== EXTRACTED INFORMATION ==
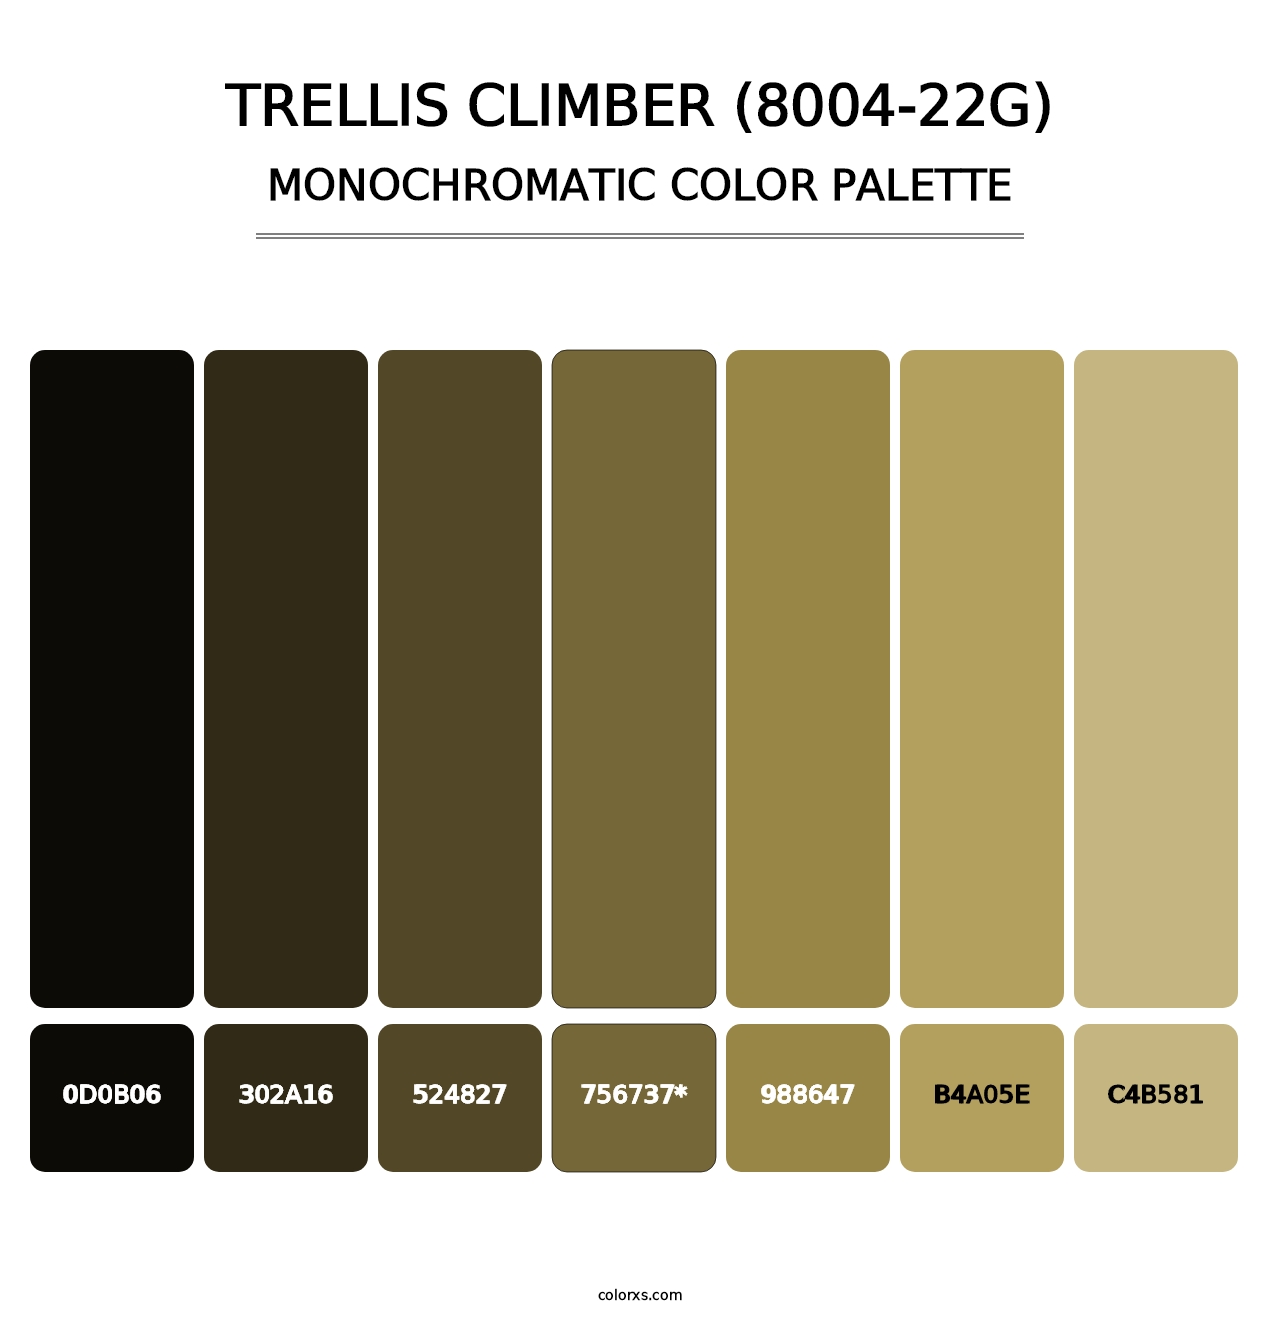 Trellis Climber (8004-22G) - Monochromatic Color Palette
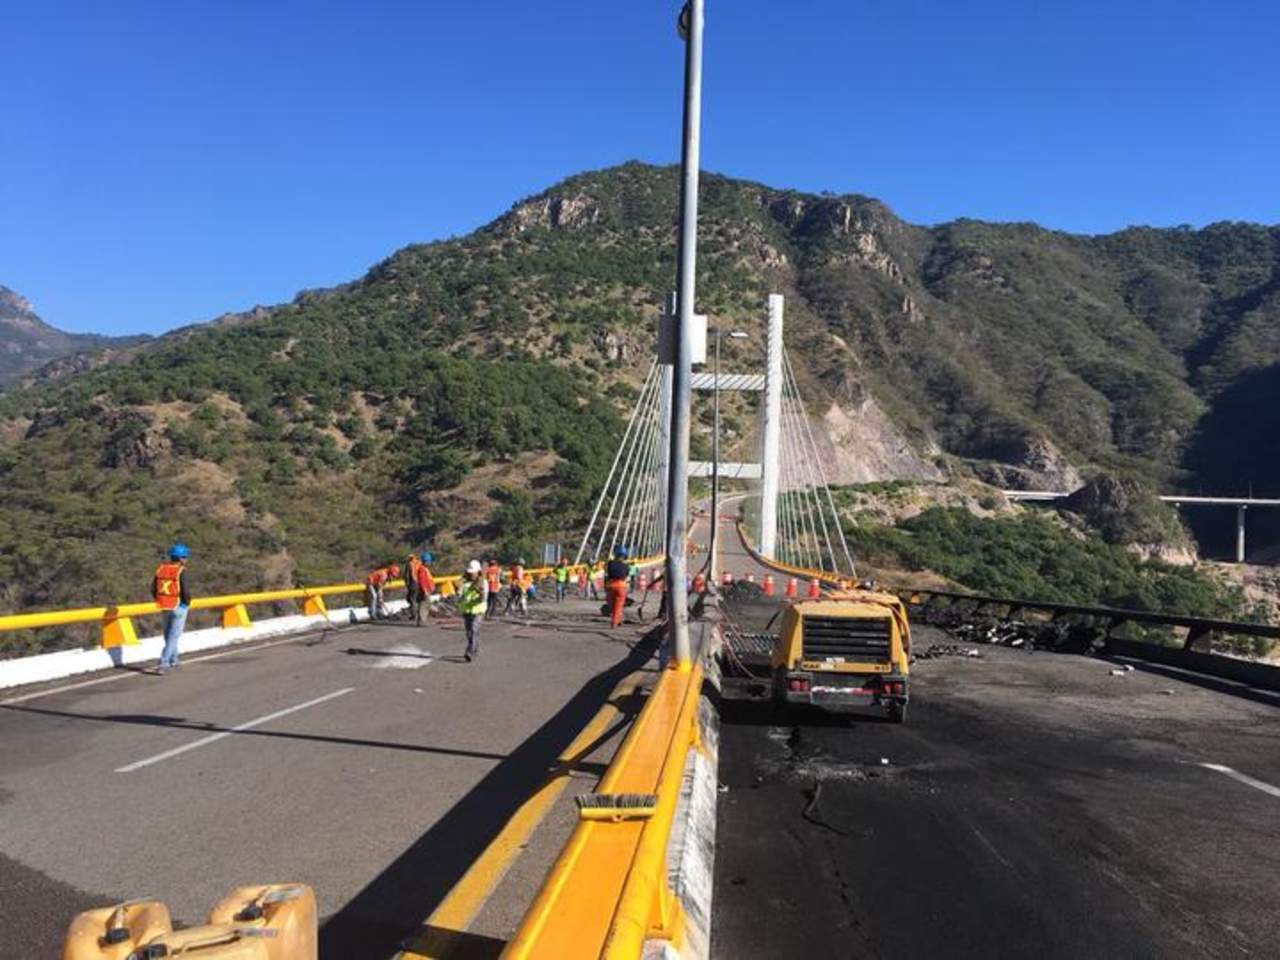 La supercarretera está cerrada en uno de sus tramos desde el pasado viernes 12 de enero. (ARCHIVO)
* * *
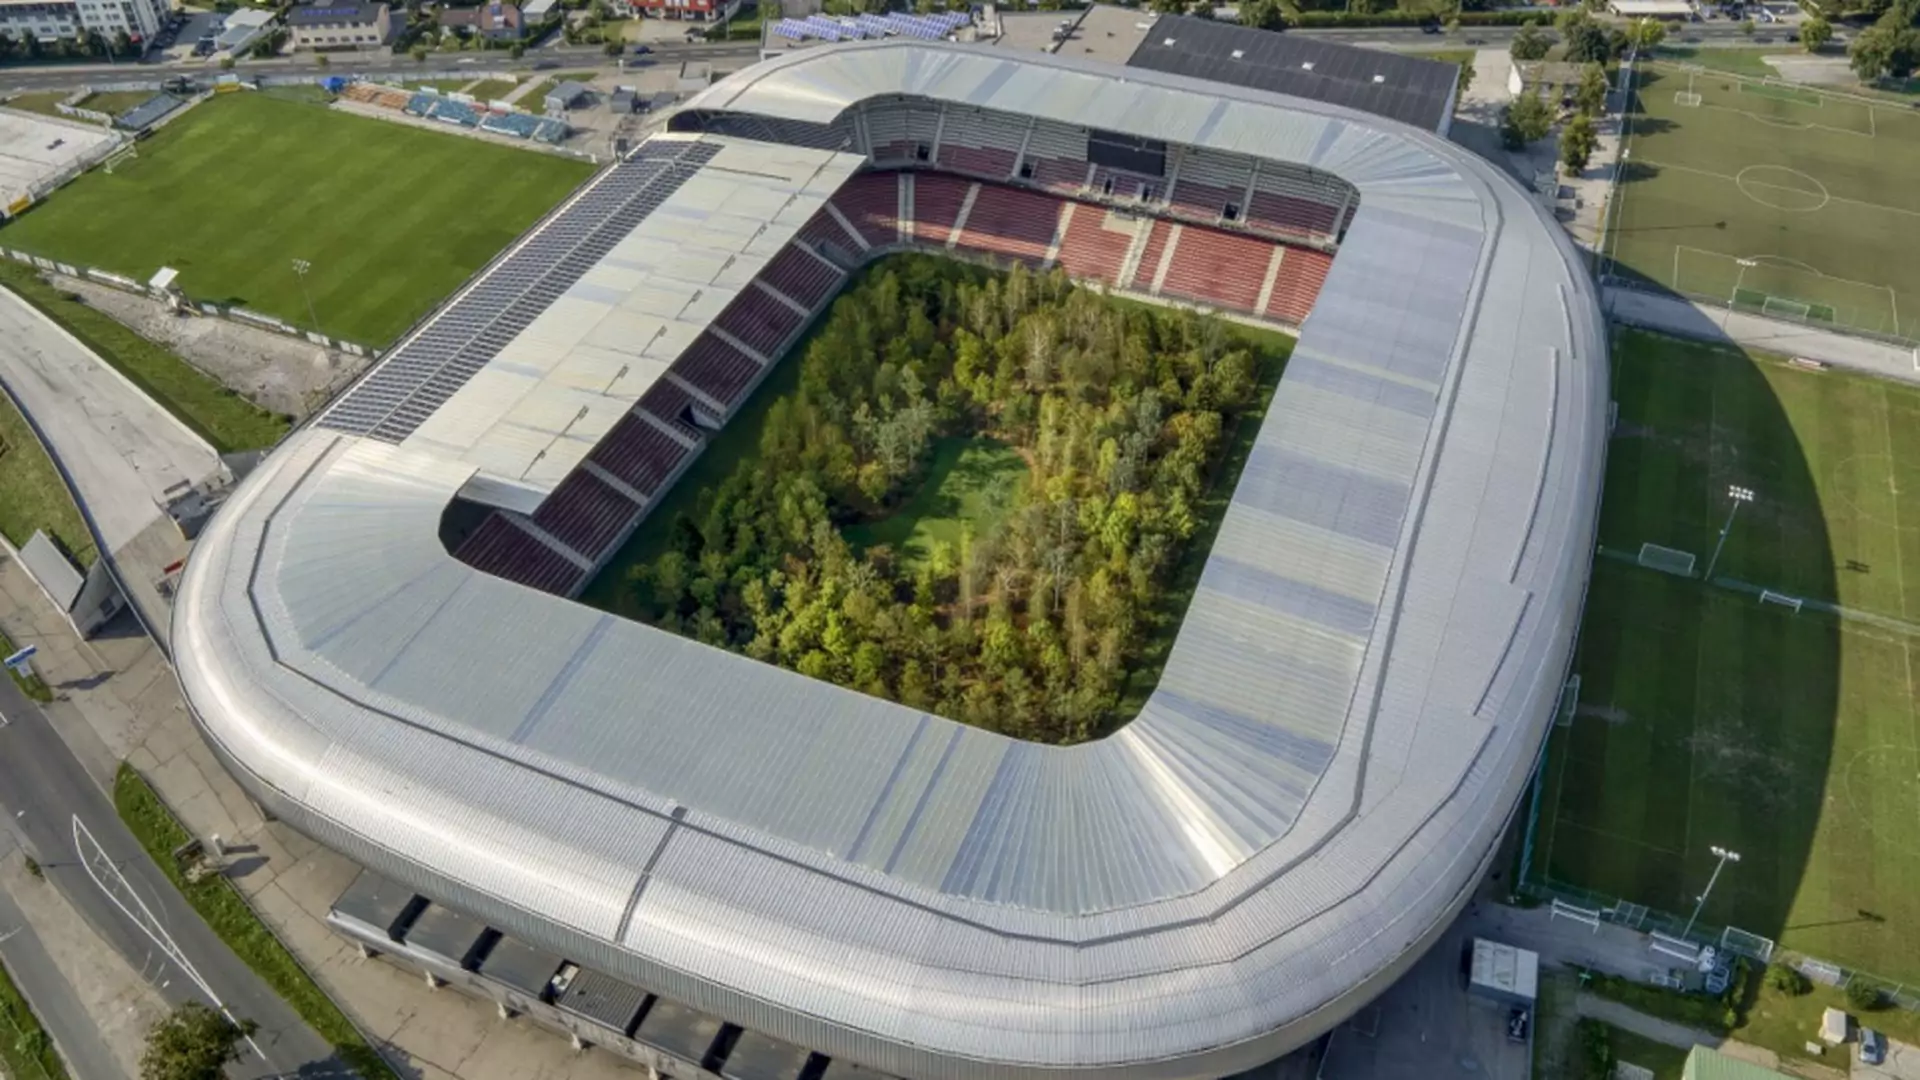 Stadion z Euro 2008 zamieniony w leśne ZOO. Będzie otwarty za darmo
==
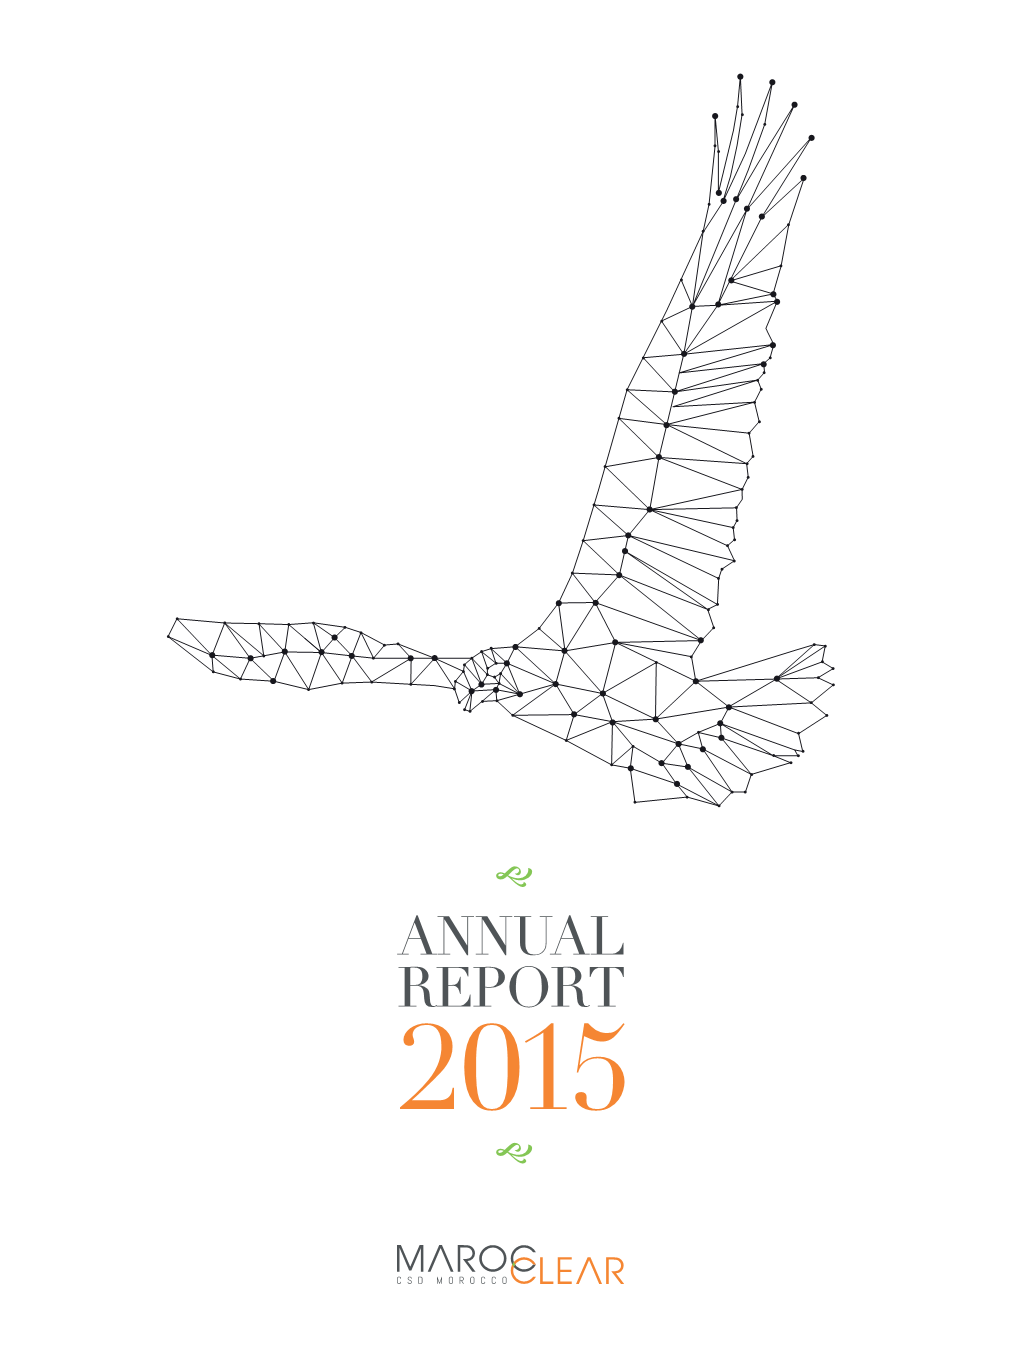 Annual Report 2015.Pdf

== WORK ORDER ==
Using the material above, reproduce only the lines that run from the line with "Trellis Climber (8004-22G)" up to and including the line with "La supercarretera está", exactly, with the pictures dropped.

== RESULT ==
 Trellis Climber (8004-22G) - Monochromatic Color Palette
 La supercarretera está cerrada en uno de sus tramos desde el pasado viernes 12 de enero. (ARCHIVO)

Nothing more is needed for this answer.